Бархатные тени
Шрифт:
– Что вы с ним сделаете? – проигнорировав мой вопрос, она задала свой, указывая на браслет.
– Не знаю. Наверное, сохраню, покуда Амели о нем не спросит.
– Он навлечет на вас несчастье, большое несчастье! Такая леди, как вы, не должна держать у себя ничего… такого. Отдайте его мне, и я сделаю лучше – вот увидите! А если оставите его себе, с вами непременно случится несчастье.
В этом пророчестве она ошиблась, чему я позднее получила доказательство.
Тогда же я положила браслет во внутренний карман, в то время как Сабмит
Уверенная, что сейчас ничего от нее не добьюсь, я вернулась к себе в комнату. Не в силах спокойно ждать Фентон, я расхаживала из угла в угол. Любая просьба о помощи могла вызвать огласку, даже скандал, и погубить Викторину.
Такое решение может исходить только от Алена. Когда он сможет приехать… и приедет ли? Может, и мне следовало послать телеграмму – не с оправданиями, а для того чтобы объяснить ему серьезность положения. Однако, я смела полагать, что миссис Дивз уже обрисовала картину в самых мрачных красках, какие только возможны.
Легкий стук в дверь побудил меня спешно впустить Фентон.
– Что ты узнала?
– Довольно странная история, мисс Тамарис. Кое-кто видел, как она уходила отсюда. Но не мисс Викторина… они говорят, что это была Амели.
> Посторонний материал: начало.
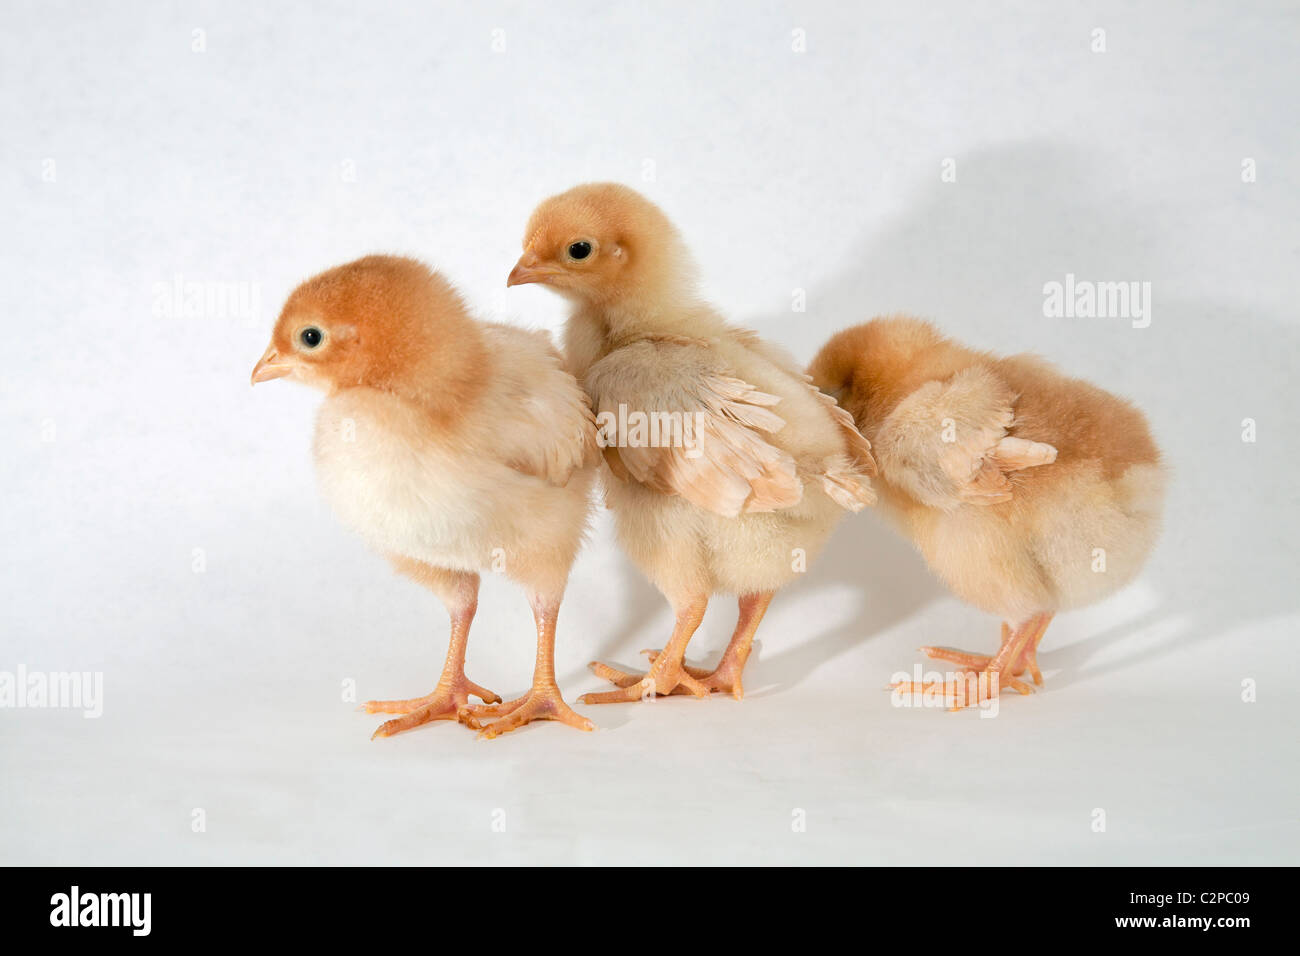 Baby sexlink chicks or chickens Stock Photo

– Но это невозможно! – Тут меня осенила неожиданная догадка. – Викторина в одежде Амели?
Это предполагало заговор, спланированный заранее. Неужели Викторина отравила свою служанку, с которой, казалось, была в самых добрых отношениях, переоделась в платье своей жертвы и в таком виде скрылась? Это имело бы смысл, если бы не белая кожа Викторины. Нет, это было невозможно.
– Те, кто ее видел, говорят, что это была Амели, – повторила Фентон. – Она вышла через служебный выход и села в фиакр.
– Когда?
– Насколько я могла понять, чуть позже девяти.
Значит, она ушла за несколько часов до того, как я обнаружила Амели. А сейчас почти что утро. Викторина тем временем могла покинуть город в поезде, карете, даже на корабле!
– Они уверены, что это была Амели? – повторила я.
– Не понимаю, как можно перепутать с ней Викторину, даже если та была в платье Амели.
Фентон кашлянула.
– Ты знаешь что-то еще?
– Мисс Тамарис, есть способы подтемнить кожу. Если женщина хочет изменить свою внешность, это сделать совсем нетрудно.
Но это значило, что Викторина готовила бегство уже давно. Голова у меня так закружилась, что я вынуждена была ухватиться за спинку ближайшего кресла. Передо мной встали две Викторины: одна – легкомысленная девушка с переменчивым настроением, другая – коварная и незнакомая. Какая же из них настоящая?
От этого зависело многое. Если Викторина поступила так по чужому наущению, она, возможно, уже раскаивается в своих опрометчивых действиях. И теперь ей должно быть страшно. Однако если она спланировала это сама, тогда никто из нас не разгадал ее характера. Даже Ален обманулся. Викторина может быть где угодно,
– Вы можете осмотреть ее комнату, мисс Тамарис… Фентон дала хороший совет. Я не могла больше сидеть без дела. Ждать… но чего? Только возвращения Алена, когда мне придется признаться, что я не оправдала его доверия.
Хотя мне было противно перетряхивать чужое нижнее белье и рыться в чьих-то личных вещах, я обязана была это сделать. И я пошла вместе с Фентон, обнаружив по пути, что Сабмит исчезла. Амели была оставлена без присмотра, что шло прямо в разрез с приказами, полученными горничной.
Но я была даже рада этому, потому что не могла бы искать, если бы она наблюдала за мной. Фентон прошла в ванную, а я сперва направилась к небольшому письменному столу.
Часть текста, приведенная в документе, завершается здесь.